Really, you have no idea how radiant it is outside. When we left Paris yesterday morning, a tempest had hit. Paris had been especially gray and tasteless the last couple of days we were three. Monday night, we had dinner with The Frenchman’s mother, who offered to buy us the insanely expensive tickets to Crazyhorse that night to see Dita perform. She was performing in Paris for only four nights, starting that night. It was incredibly tempting, but we were exhausted, it was late, and we had a day of driving ahead of us beginning early the next morning.
Dita. In Paris! Her show it turns out lasts only a few minutes. But still.
I can’t say I was anxious to leave Paris, but I was certainly itching to escape that wretched, half-equipped apartment we rented.

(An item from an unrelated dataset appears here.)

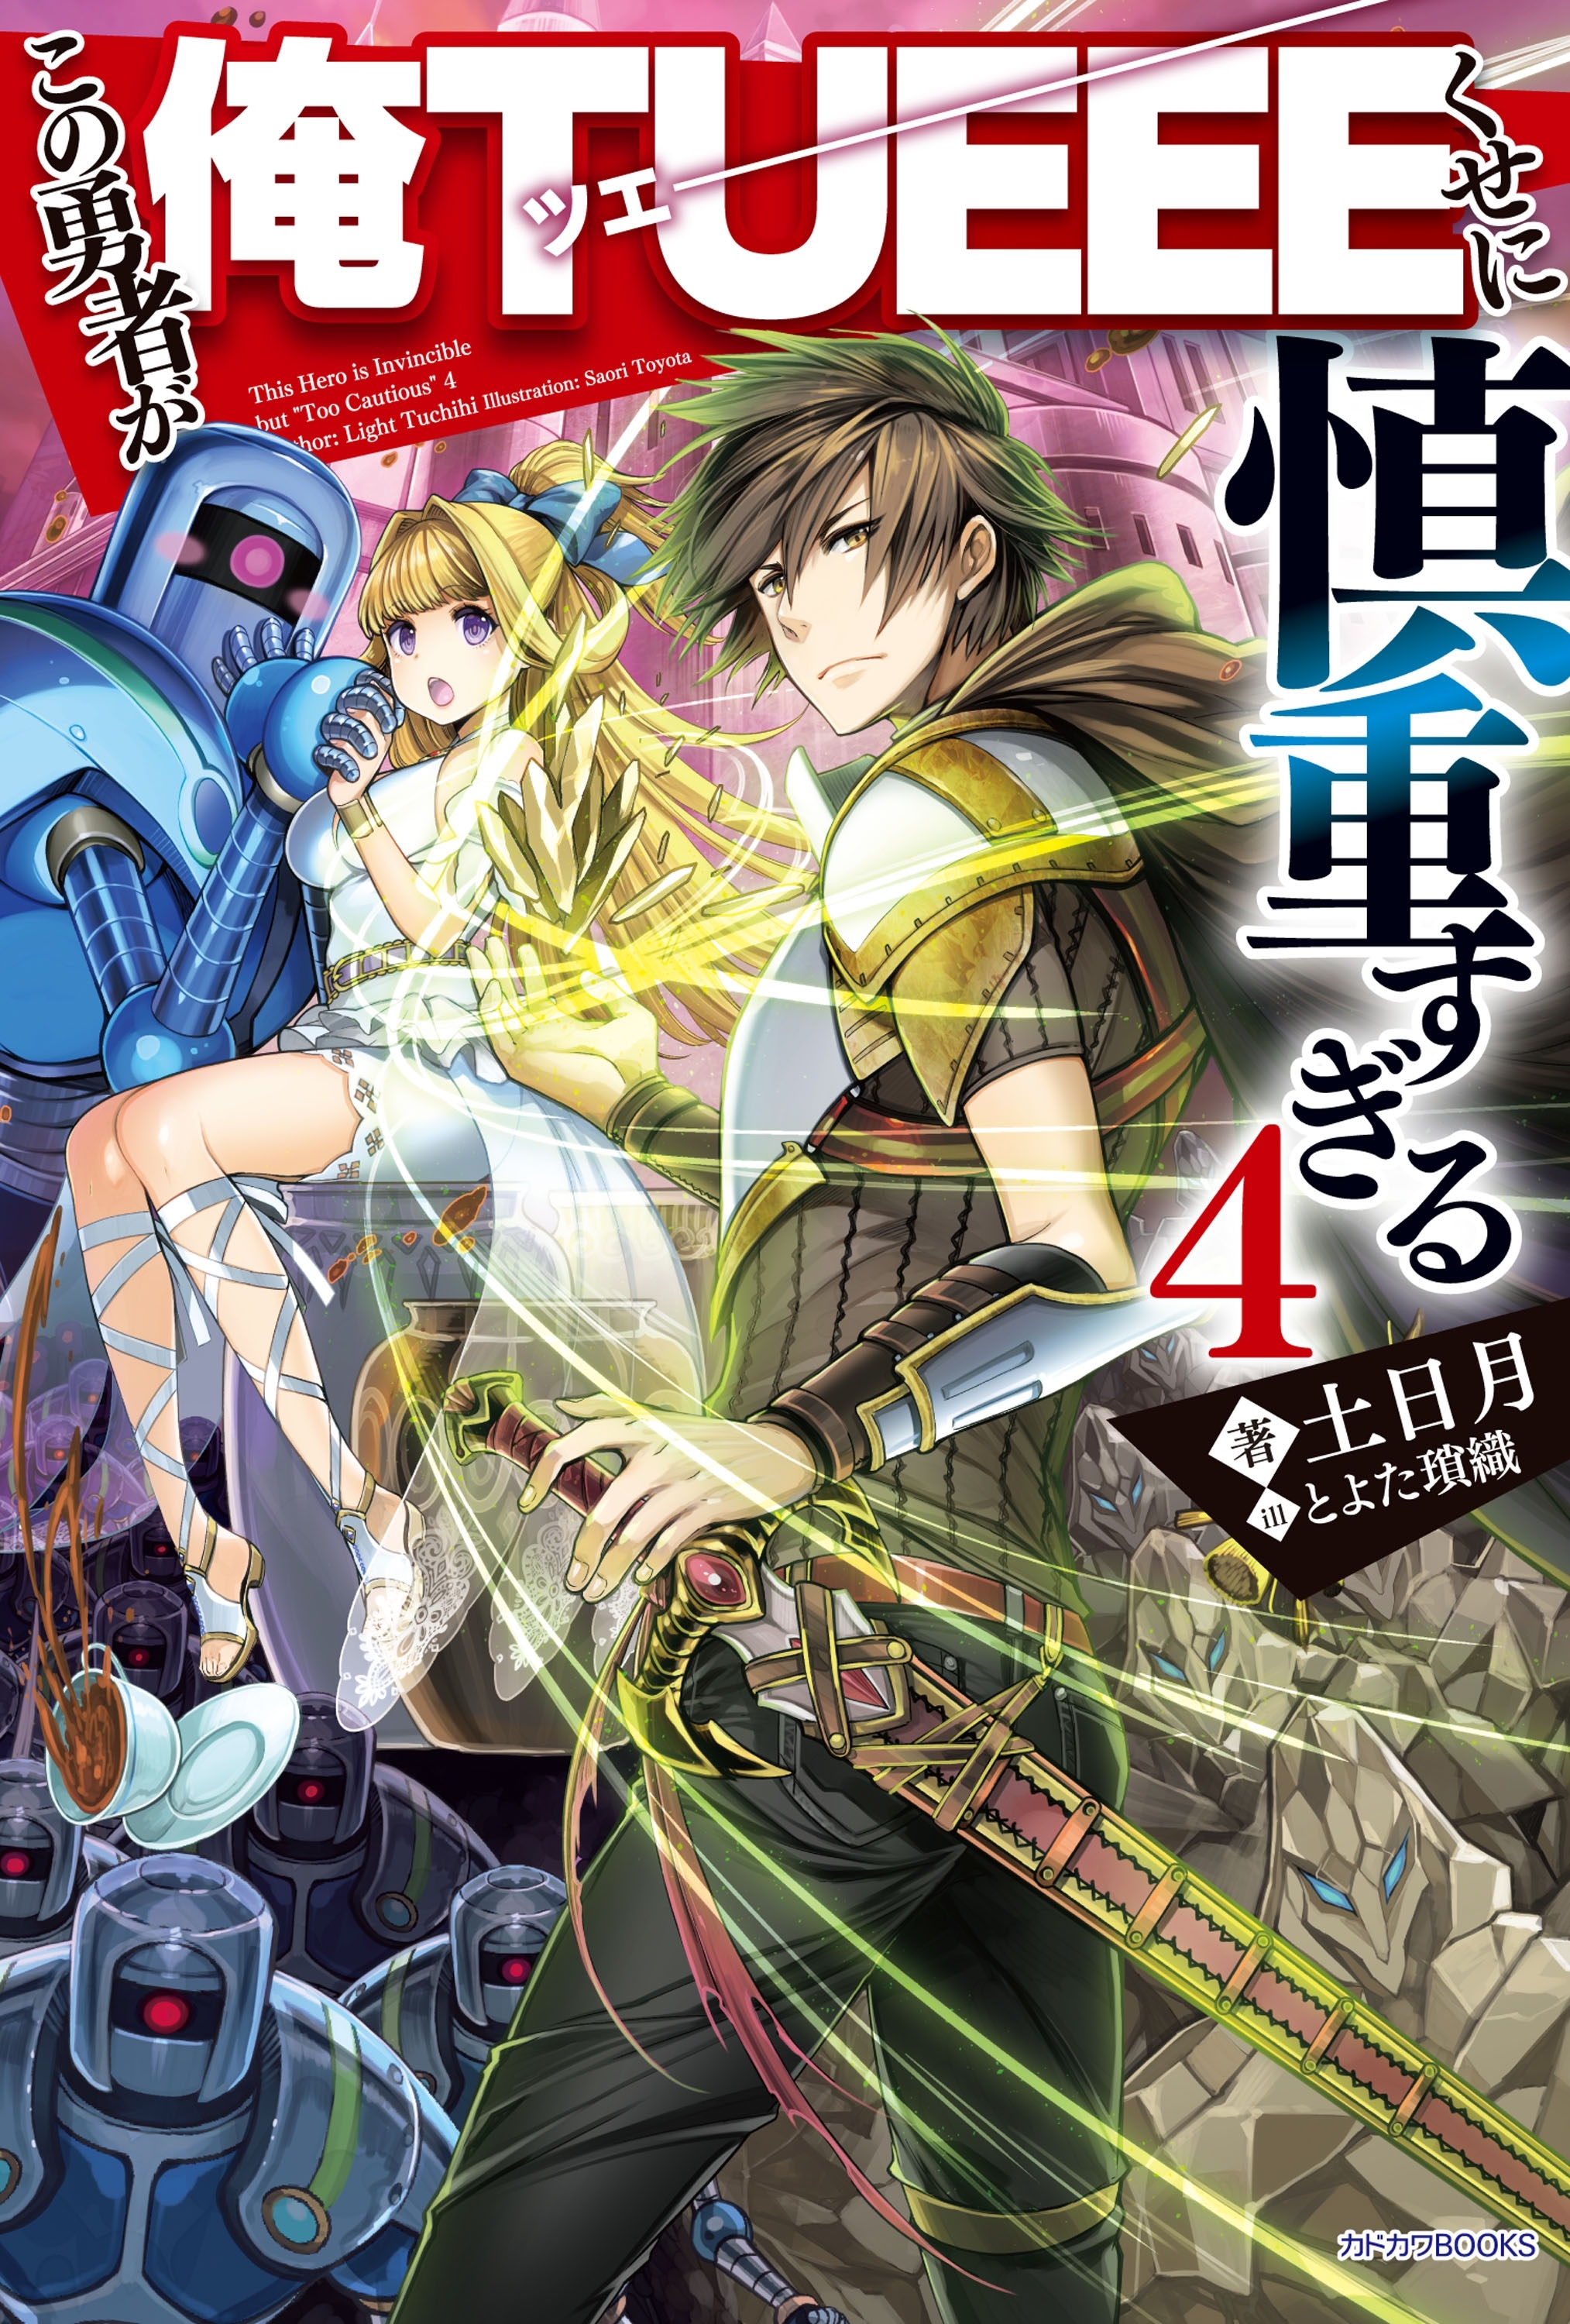 Volume 3 (Light Novel), Cautious Hero Wiki

The bed was an iron skillet masquerading as a futon. Every morning I’d wake up because some part of me was screaming “I confess! I confess! I did it! Just make it stop!” Instead of calling it “the bed” I started calling it “the breadboard.” It smelled like the alfalfa we used to feed Dancy the rabbit.
So, my bed felt especially glorious last night.
This morning between loads of laundry, I did a bit of writing and then finished Snow Flower and the Secret Fan, which I could hardly put down for the last two days. Since I left for vacation, I’d finished Cousin Bette by Balzac and Hell House by Matheson, but not since I read Pullman’s His Dark Materials have I read something so completely absorbing. I doubt this was See’s intention, but this book has left a disgusting taste in my mouth for Chinese culture. I can’t tell you how much I hated every detail of these women’s miserable, restricted, agonizing lives except for the fact that they had their own secret writing system called nu shu, which was kept from men. As I read, I began to despise Confucius as much as Jesus and his lot. What a huge wokful of horse turds is Confucianism. And what a fucking brutal, misogynistic world these women lived in, constantly told how worthless they are and how they’re only worth was to get married and make a son. Not children, mind you, but a son.
Anyway, the book is brilliant. Don’t let my Western moral supremism turn you away from it.